In this example, we will introduce how to use the TransBigData package to efficiently process Taxi GPS data.
Firstly, import the TransBigData and read the data using pandas
import transbigdata as tbd
import pandas as pd
import geopandas as gpd
import matplotlib.pyplot as plt
# Read data
data = pd.read_csv('data/TaxiData-Sample.csv', header=None)
data.columns = ['VehicleNum', 'Time', 'Lng', 'Lat', 'OpenStatus', 'Speed']
data.head()
VehicleNum | Time | Lng | Lat | OpenStatus | Speed | |
---|---|---|---|---|---|---|
0 | 34745 | 20:27:43 | 113.806847 | 22.623249 | 1 | 27 |
1 | 34745 | 20:24:07 | 113.809898 | 22.627399 | 0 | 0 |
2 | 34745 | 20:24:27 | 113.809898 | 22.627399 | 0 | 0 |
3 | 34745 | 20:22:07 | 113.811348 | 22.628067 | 0 | 0 |
4 | 34745 | 20:10:06 | 113.819885 | 22.647800 | 0 | 54 |
# Read the GeoDataFrame of the study area
sz = gpd.read_file(r'data/sz.json')
sz.crs = None
sz.head()
centroid_x | centroid_y | qh | geometry | |
---|---|---|---|---|
0 | 114.143157 | 22.577605 | 罗湖 | POLYGON ((114.10006 22.53431, 114.10083 22.534... |
1 | 114.041535 | 22.546180 | 福田 | POLYGON ((113.98578 22.51348, 114.00553 22.513... |
2 | 114.270206 | 22.596432 | 盐田 | POLYGON ((114.19799 22.55673, 114.19817 22.556... |
3 | 113.851387 | 22.679120 | 宝安 | MULTIPOLYGON (((113.81831 22.54676, 113.81948 ... |
4 | 113.926290 | 22.766157 | 光明 | POLYGON ((113.99768 22.76643, 113.99704 22.766... |
fig = plt.figure(1, (8, 3), dpi=150)
ax1 = plt.subplot(111)
sz.plot(ax=ax1)
plt.xticks([], fontsize=10)
plt.yticks([], fontsize=10);
TransBigData integrates several common methods for data pre-processing.
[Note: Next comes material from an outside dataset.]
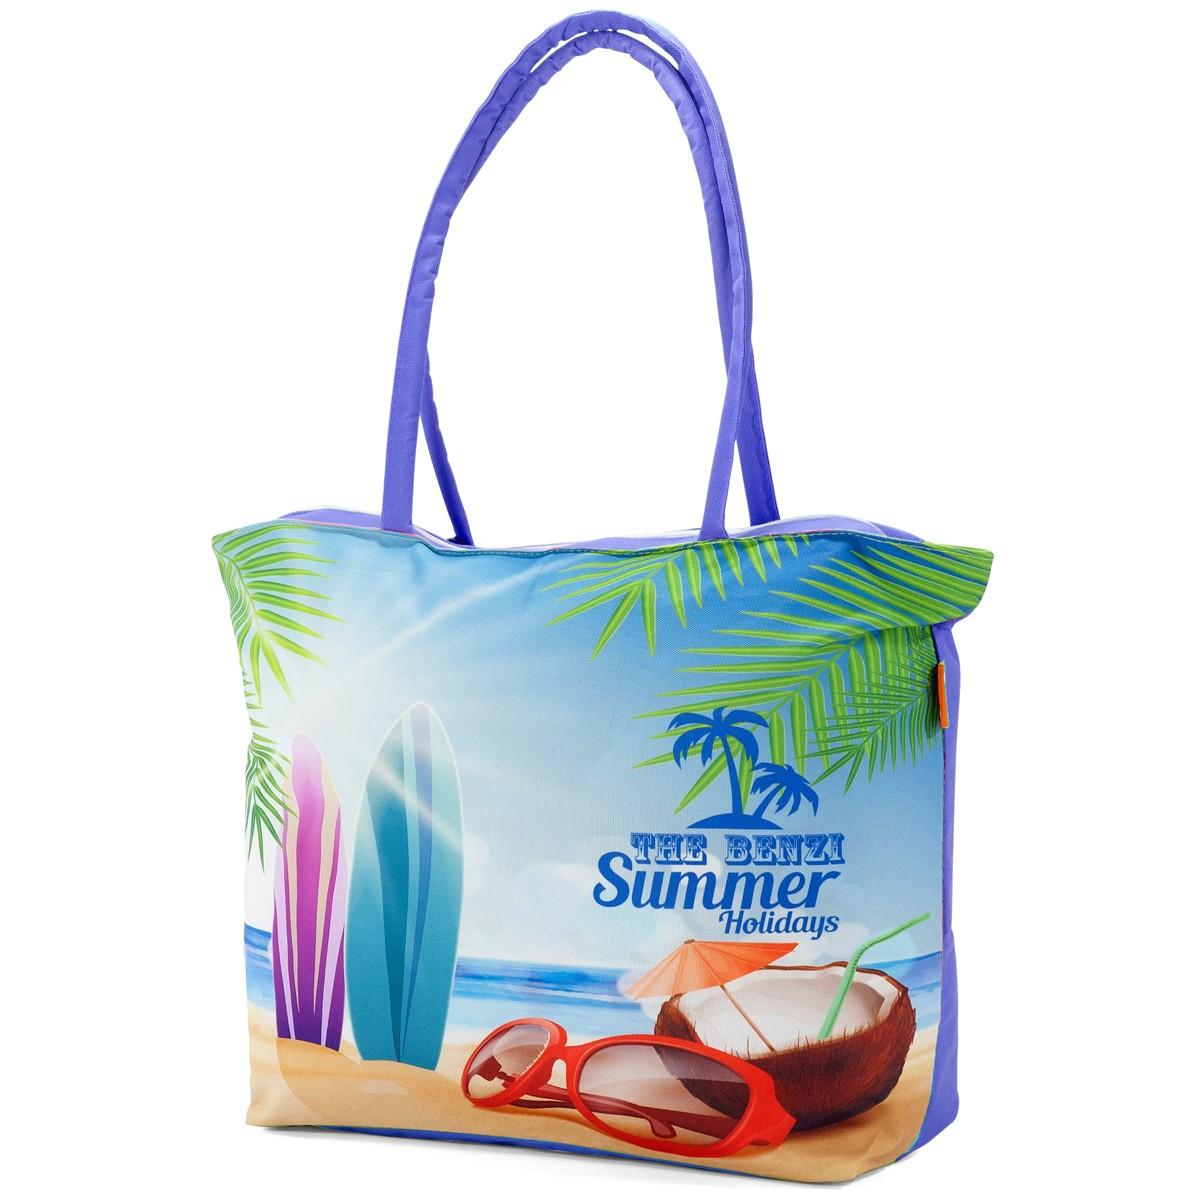 Τσάντα Παραλίας Benzi 5000 Purple home   θαλάσσης   τσάντες παραλίας

Using the tbd.clean_outofshape
method, given the data and the GeoDataFrame of the study area, it can delete the data outside the study area. The tbd.clean_taxi_status
method can filters out the data with instantaneous changes in passenger status(OpenStatus). When using the preprocessing method, the corresponding column names need to be passed in as parameters:
# Data Preprocessing
# Delete the data outside of the study area
data = tbd.clean_outofshape(data, sz, col=['Lng', 'Lat'], accuracy=500)
# Delete the data with instantaneous changes in passenger status
data = tbd.clean_taxi_status(data, col=['VehicleNum', 'Time', 'OpenStatus'])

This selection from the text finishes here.